Das ASVG definiert für den kassenärztlichen Bereich, dass das Maß des Notwendigen bei Diagnostik und Therapie nicht überschritten wird. Hier sollte die Kasse exakter definieren, was von ihr finanziert wird und was nicht. Neben dieser solidarisch finanzierten Basis auf hohem Niveau muss es den Patient:innen dann auch möglich sein, die gewünschten zusätzlichen Leistungen privat zu bezahlen (analog der IGeL-Regelung in Deutschland). Ein zusätzlich ermöglichter Privatanteil würde nebenbei auch Kassenvertragsstellen interessanter und leichter besetzbar machen.
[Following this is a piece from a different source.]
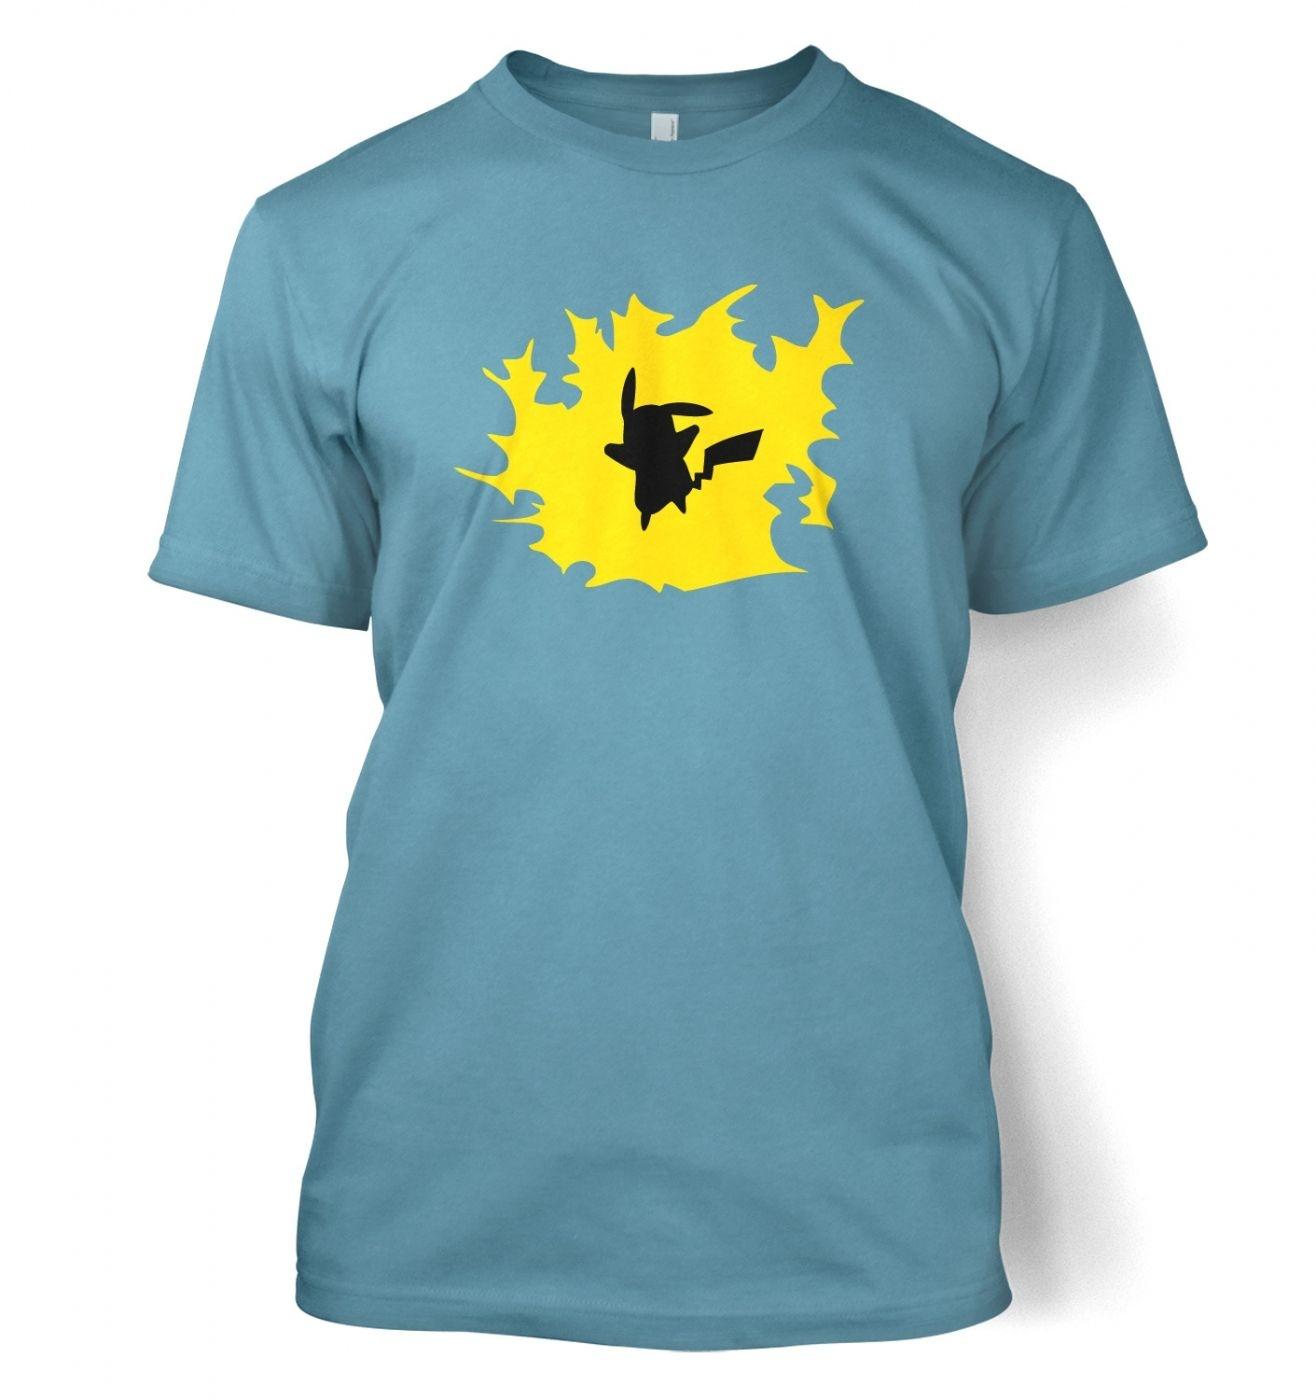 Yellow Pikachu Silhouette T-Shirt - Inspired by Pokemon

Auch ein generell eingehobener Kostenbeitrag bei der ÖGK, wie bei der SVS oder BVAEB, könnte zusätzliches Geld zur Abdeckung des Gesamtbedarfs lukrieren. Durchaus mit Befreiungsmöglichkeiten oder auch zur Steuerung und Motivation, wie die SVS den Selbstbehalt nutzt. Der seit Jahren diskutierte aber nicht angegangene Bürokratieabbau wäre ein zusätzlicher Mosaikstein.
Was wir auf jeden Fall erhalten sollten, ist gesellschaftliche Solidarität: Wir müssen gemeinsam dafür werben, dass die solidarisch finanzierte Gesundheitsversorgung ein hohes Gut ist, das es zu schützen gilt. Als Ärztinnen und Ärzte tragen wir nicht nur Verantwortung für die Gesundheit unserer Patient:innen, sondern auch für die Zukunft unseres Gesundheitssystems. Wir werden dafür einstehen, dass die solidarisch finanzierte Gesundheitsversorgung stabilisiert und nicht geschwächt wird.